WEEK EIGHT. conversation by clair and charlie

 

8

Her wistful face haunts my dreams like the rain at night.  Tagore


                                                                            ~  ~  ~ 

The sound of rattling nails wet against a midnight window scratches open my eyes. I feel her fingers on my neck, like a gallows touch, tracing where the noose should go.  Her hair drips red dye onto my white cotton sheets, repeated slowly again and again, a dream stuck in the moment of a stain I cannot lose.  Do I dream her, or is she dreaming me?  Her face turns, seductively, secretly, a smile half hiding a snarl. The roses have left the vase, petals into ash.  I try to go back to the seed of us, lost in vodka shots with grains of gold and cherry lips eloquently murmuring on Dostoevsky, long before we kissed among brambles of a deep French wood.

If I reach to hold your silver hand it feels like scars fusing in the blood and puss of a beautiful love turned bitter beneath the moon.   You said to leave your life, but she keeps returning, reminding me never to find the footsteps that might lead me across snowdrifts and sandbanks of sleep, to this awakening.  A drop of sweat from my forehead mixes with an eye's slow tear. The end of rain is dripping from my iron guttering, like your stilletoes running away, like the echo of my own breath will vanish. 
charlie


the roses have left the vase.
feelings are so transient, such an unknown quantity...they were in full bloom, they were so real. they had me thinking that i was in love.  and so thus i was. surrounded totally and beautifully and held and left free. 

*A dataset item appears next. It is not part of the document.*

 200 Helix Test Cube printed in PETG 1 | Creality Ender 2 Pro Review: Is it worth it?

as we grow in years we get so clever... so 'in the know', and in the same moments, (and in the same amounts) we get deeper and deeper and much more lost and more lost.  perfect balance. natures little balancing act.
cl



The wistful face that haunts is the expression of knowing we etch upon the skin of memory.  We find new eyes to shape reality through experience, but look back to reread the past like a favourite book or game, finding new levels, deeper meanings that reward knowledge with more to understand.  Perhaps the face is but a mirror to my own searching, looking back at me ahead, as though two figures in a tug-of-war of definition. At least the rain at night replenishes, even as it destroys.  Rivers always reach for the sea.
ch

yes, i love to look to nature and animals for the answers that get lost in humans self consciousness and inhibitions.  like the river running to the sea. like the birds building their nests in trees.  like the ants carring grains of found sugar back for tea. 
.. ..
V  v 

cl

... Like a world bigger than me.

Why does she  choose to haunt me?  Why does the rain and night possess me? Why am I  me at all.

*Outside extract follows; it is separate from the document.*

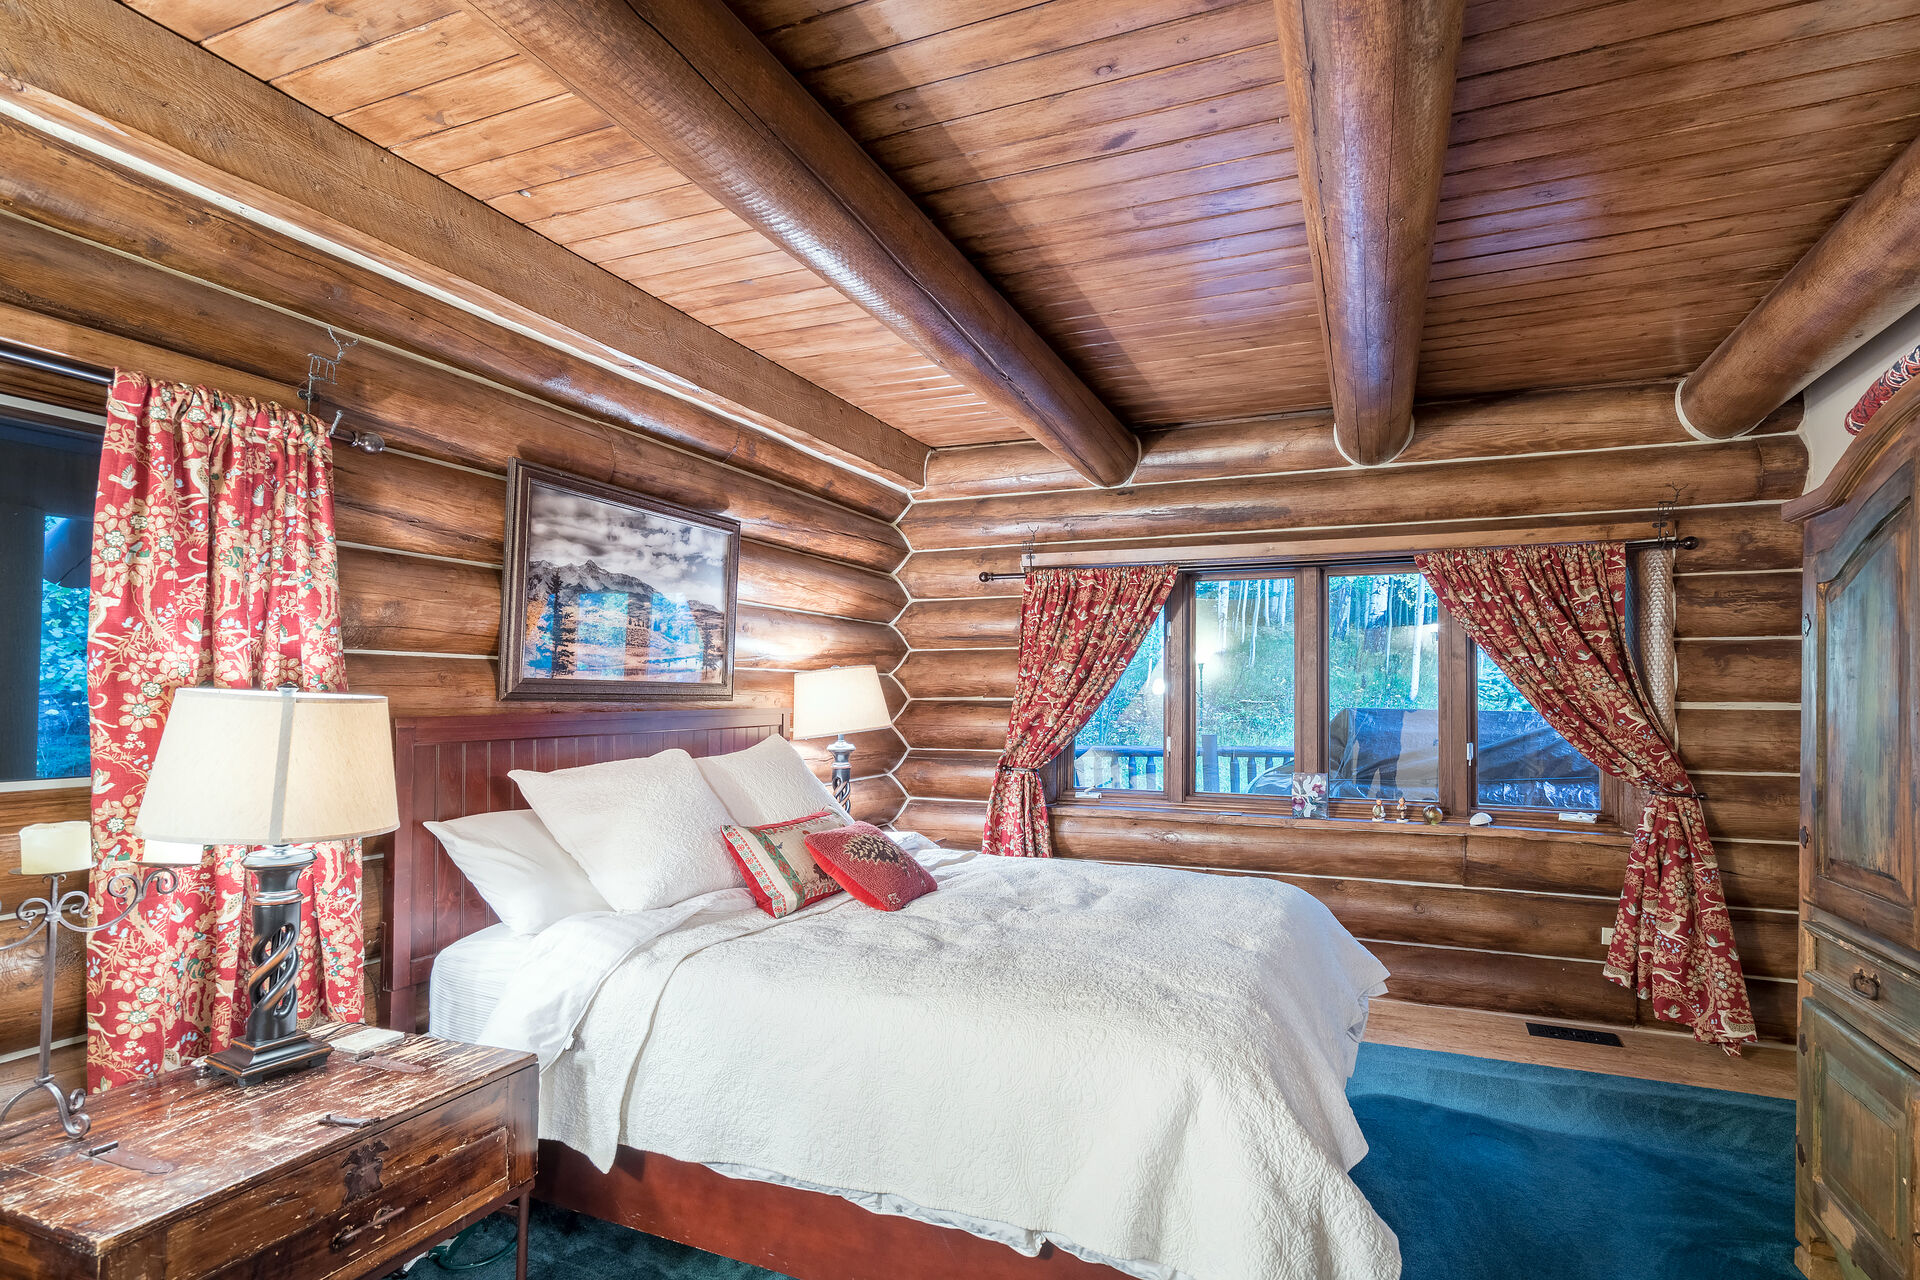 Bedroom with Wooden Logs and Views of Outside

 In such transience, I recall the magic of a human quality to create the shape of things, like colours in a palette of possibility. And of all the dark and light mixed on canvas: her face, rain, a night, expose me as nothing more than images and thoughts in the sensation of life. 

My dreams haunt her face. Her night haunts my rain. 

I ache always for the touch of soft skin or water to remind me of me.

How intoxicating it is to be haunted, or a heart carried by an ant.
ch



the rain haunts the night.  the night haunts its' sky.
ants love carrying hearts.  they are their perfect size.